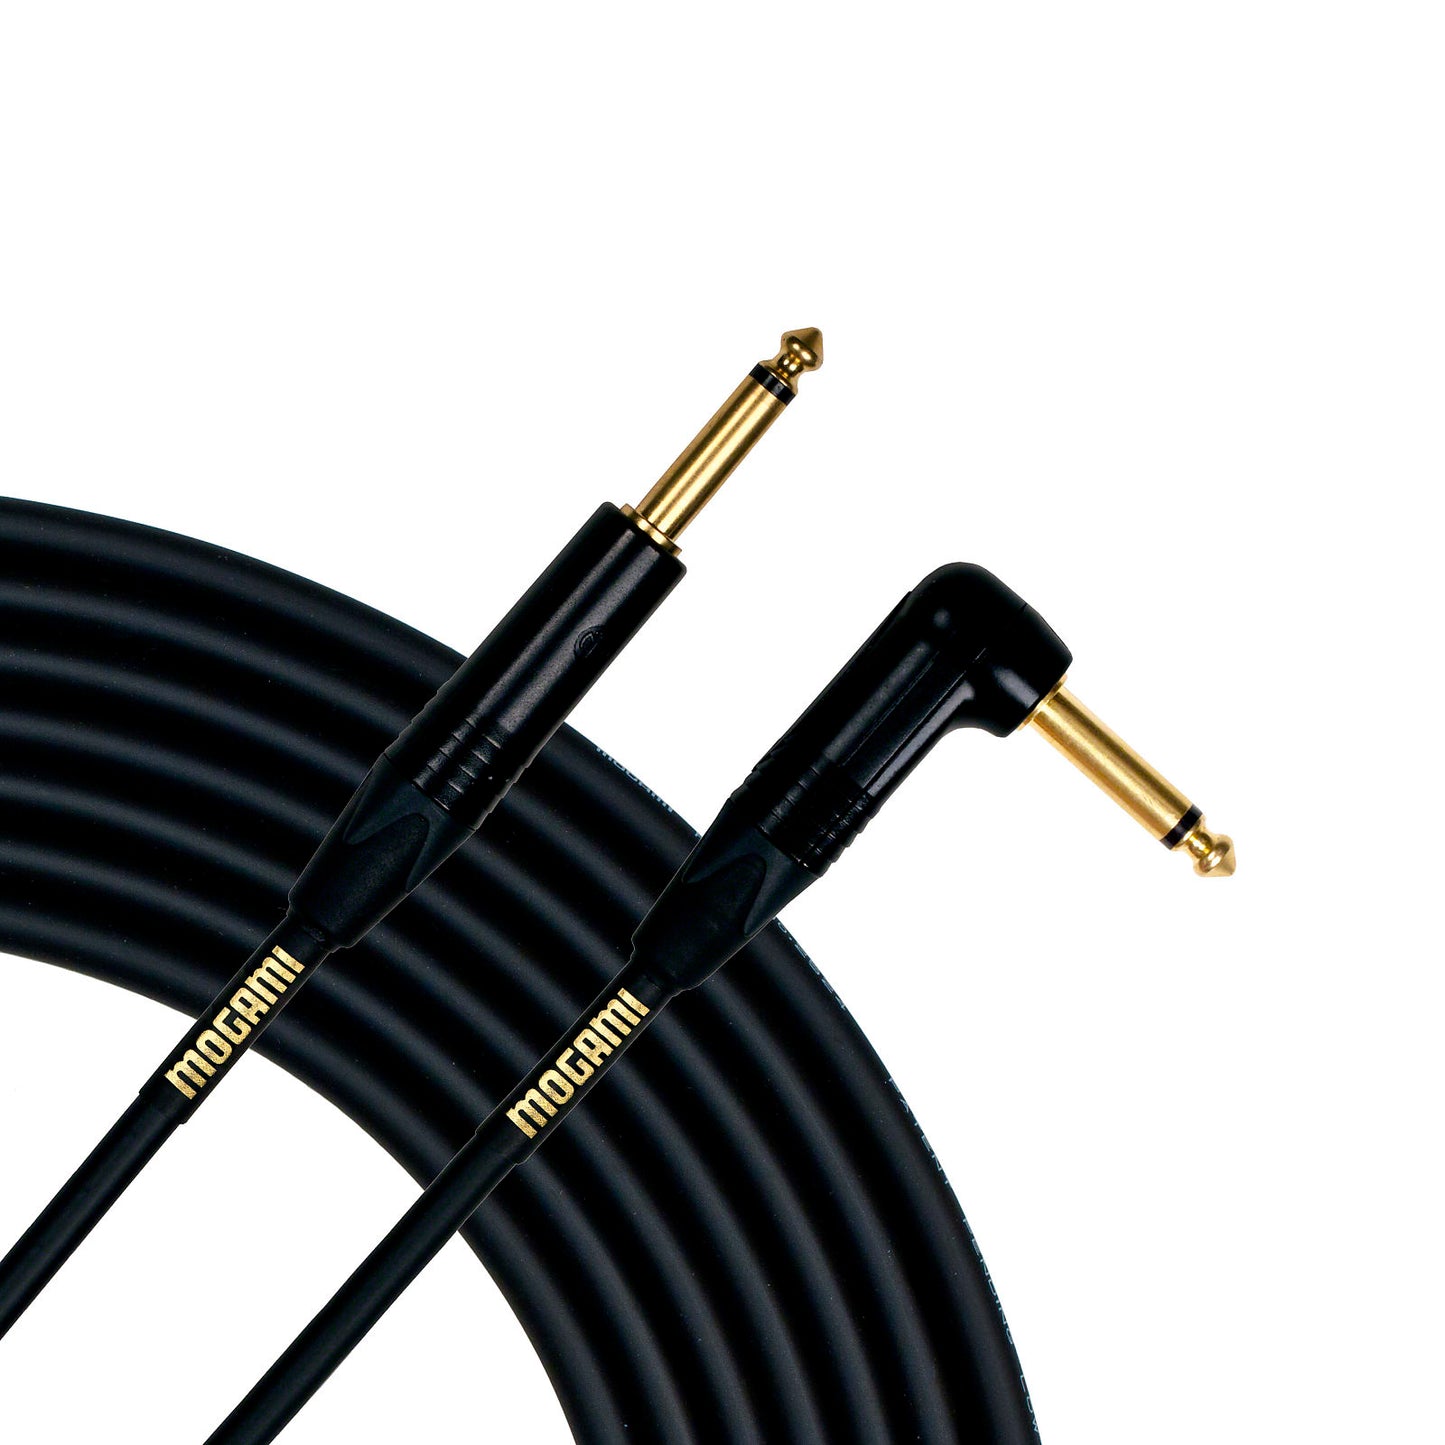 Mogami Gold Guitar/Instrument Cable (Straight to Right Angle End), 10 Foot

* * *

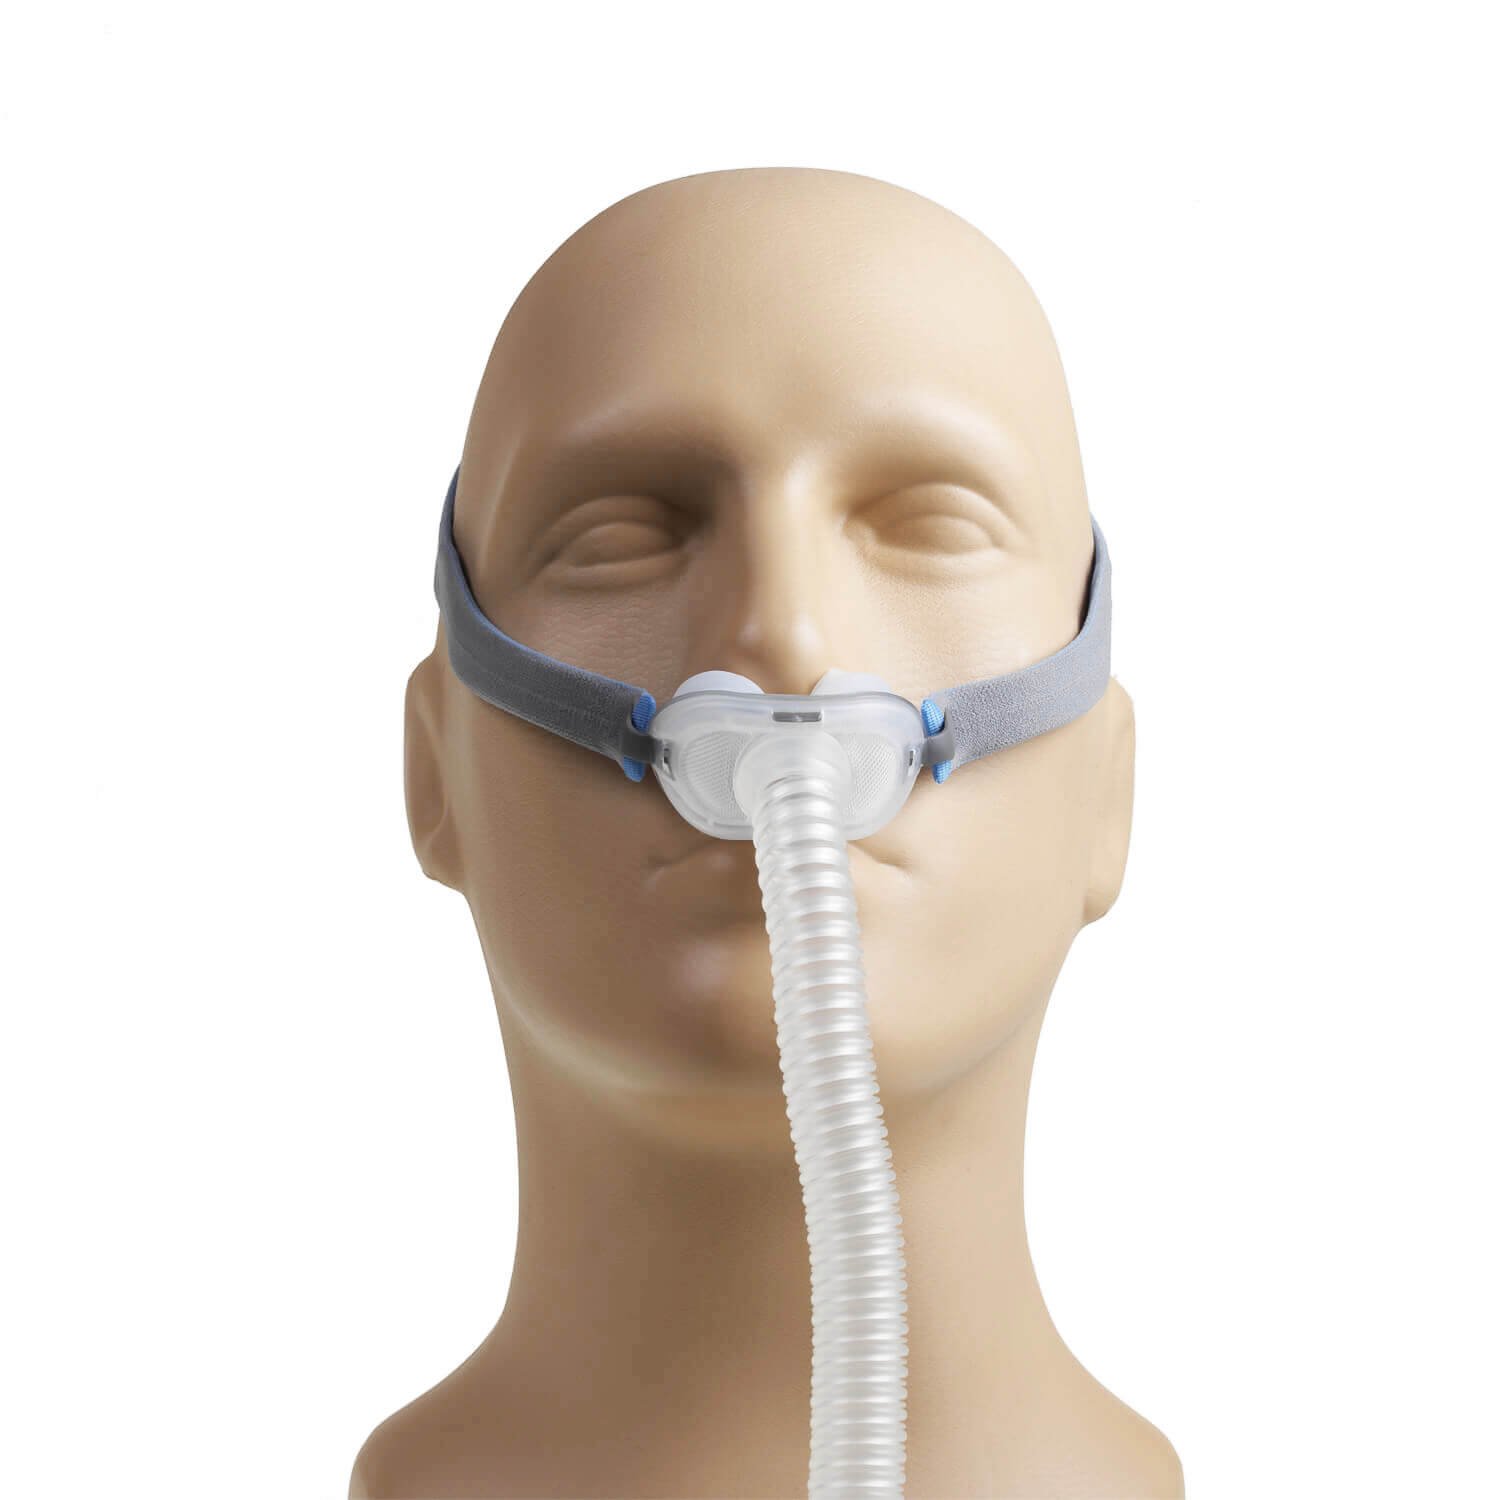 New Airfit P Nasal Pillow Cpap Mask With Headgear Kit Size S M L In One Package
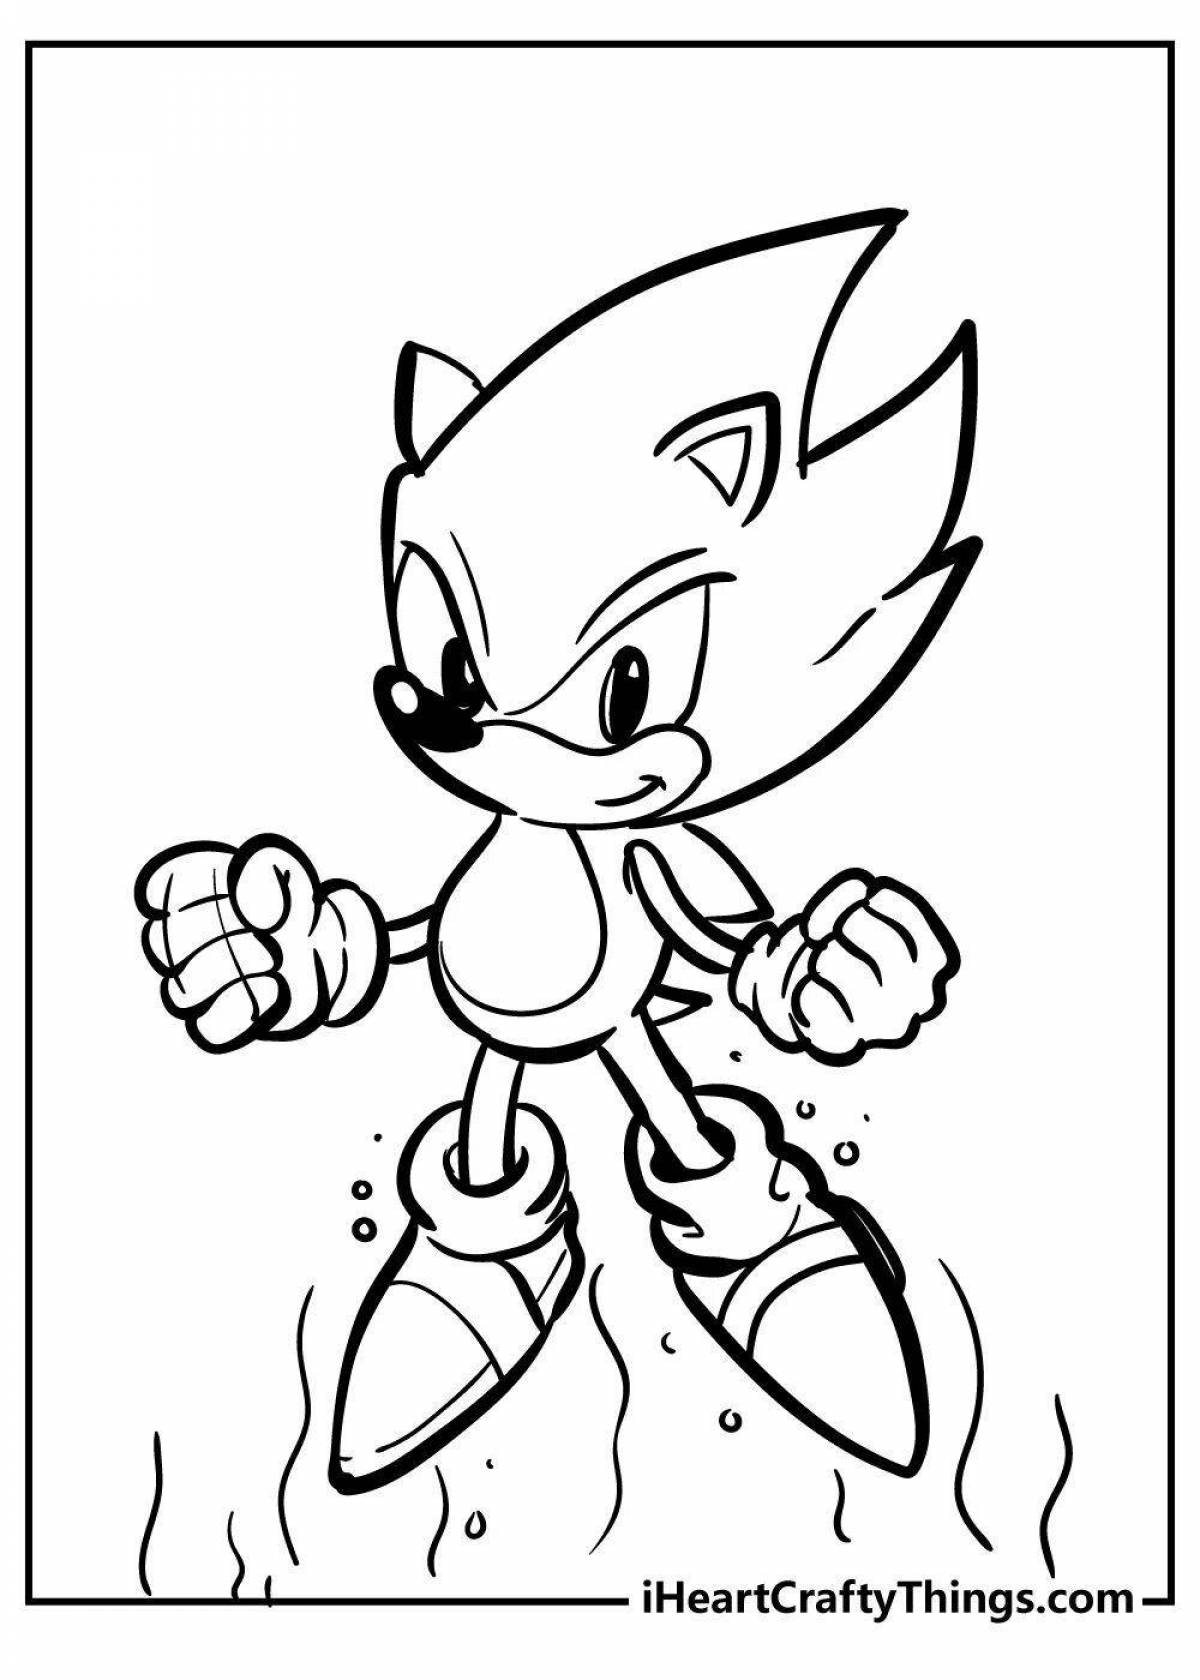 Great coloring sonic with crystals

==

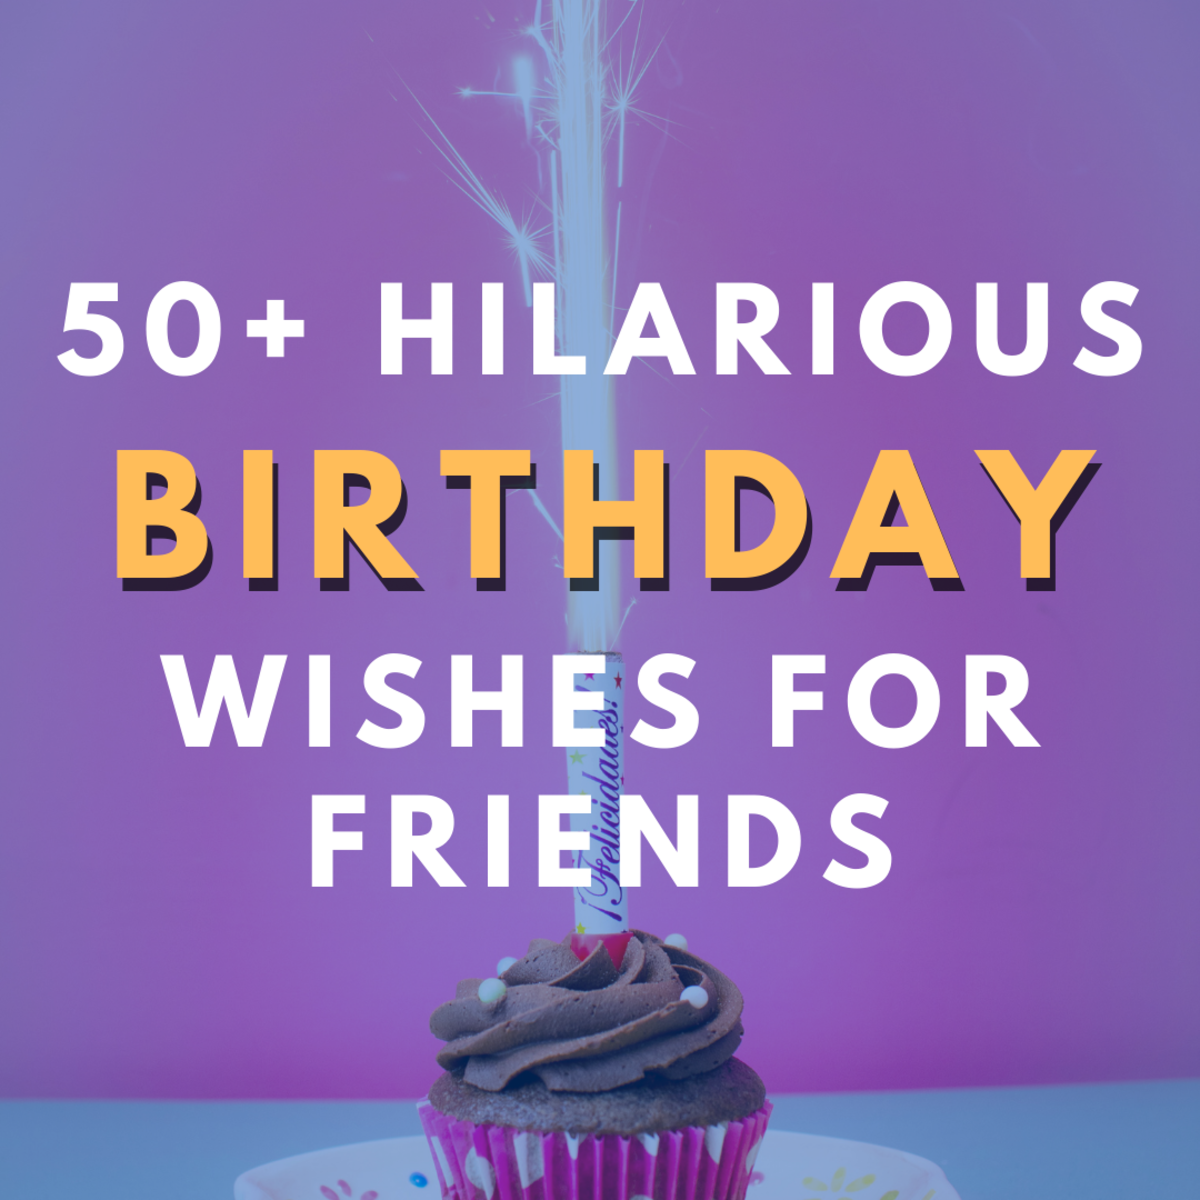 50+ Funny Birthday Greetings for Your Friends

=== Task instructions ===
Extract, without any images, the part of the material above that opens with the line containing "New Airfit P" and closes with the line containing "Great coloring sonic with crystals", both lines included.

=== Task answer ===
 New Airfit P Nasal Pillow Cpap Mask With Headgear Kit Size S M L In One Package
 Great coloring sonic with crystals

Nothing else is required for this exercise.